Indeed, we found that Cys277 to Ala substitution abolishes MQ binding to p53 core domain, at lower concentrations. Moreover, the ability of MQ to thermostabilize p53 core domains is impaired in Cys277 to Ala mutants. Thus, a good correlation exists between the extent of MQ adduct formation and MQ-mediated thermostabilization of the p53 core domain.
Cys182 and Cys277 have recently been identified as prime binding sites for PK11000, a 2-sulfonylpyrimidine compound that reacts with cysteines and thermostabilizes p5316. It is noteworthy that although Cys277 interacts directly with DNA, modification of this residue by PK11000 did not change p53 DNA binding and transactivation of target genes. The mutant p53-targeting curcumin analog HO-3867 also binds covalently to Cys182 and Cys27718. However, our results demonstrate that substitution of Cys182 to Ala does not affect p53 modification and thermostabilization by MQ in any significant way.

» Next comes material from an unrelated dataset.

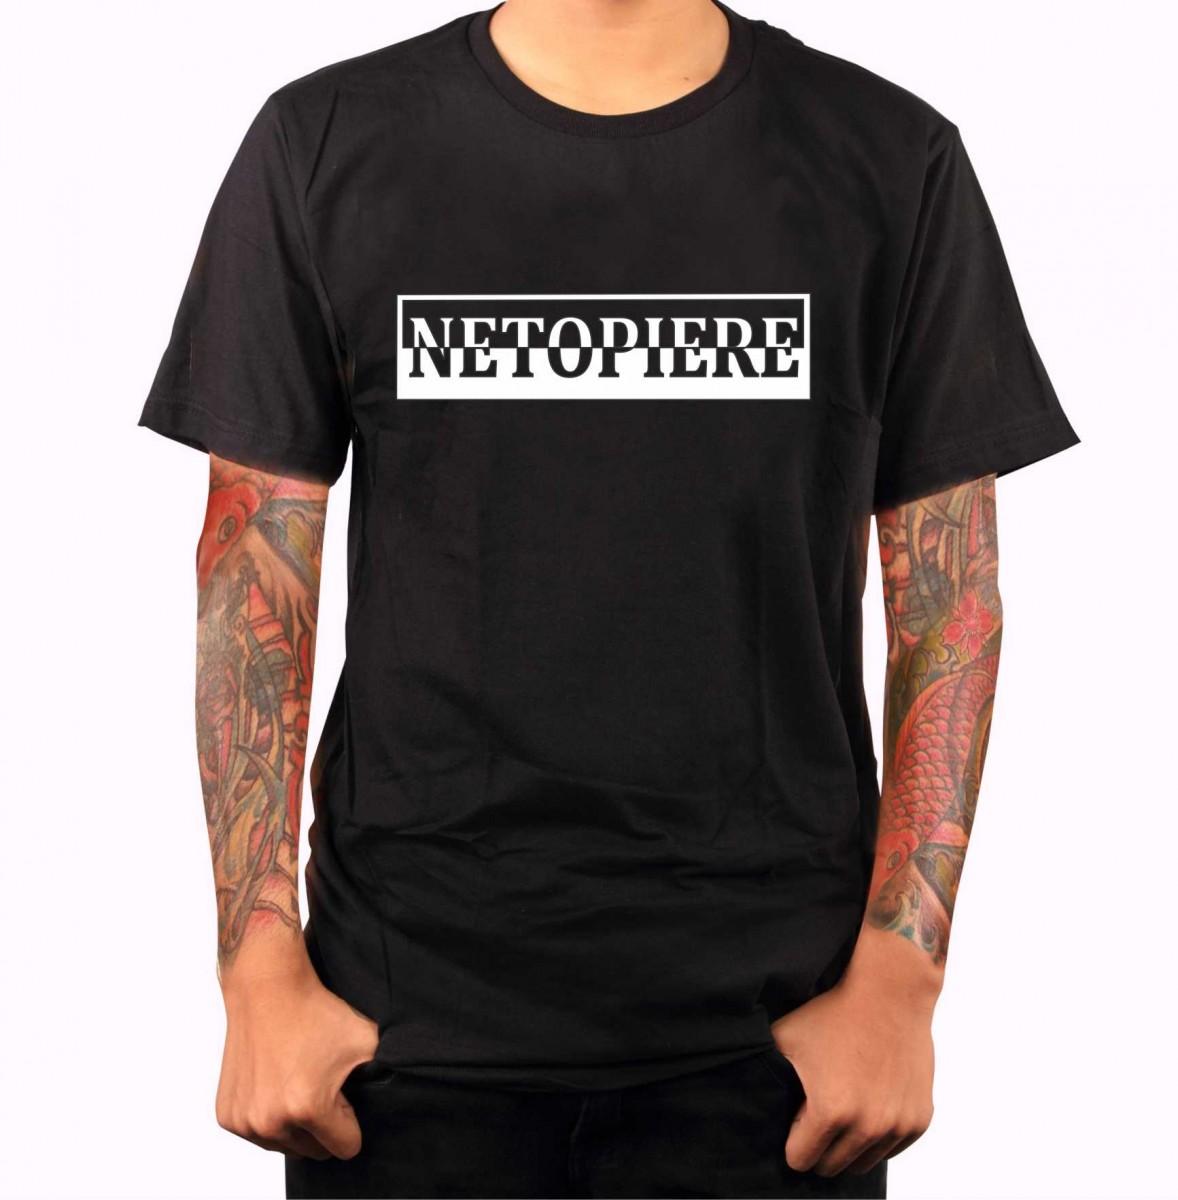 b92e423577 Značkové tričko - NETOPIERE ǀ Fajntričko.sk

Kaar and colleagues14 identified 3-benzoylacrylic acid as a thiol-binding compound that reacts first with Cys124 and Cys141 and to a lesser extent with Cys135, Cys182 and Cys277 in p53. Cys124 was also identified as a target for PRIMA-1 by molecular modeling, and Cys124 to Ala substitution abolished PRIMA-1-induced reactivation of mutant p53 in human tumor cells31. Here we found that substitution of this cysteine did not impair MQ binding and p53 thermostabilization. However, Cys124 to Ala substitution abrogated R175H reactivation by APR-246/MQ in tumor cells, in agreement with the results of Wassmann et al.31.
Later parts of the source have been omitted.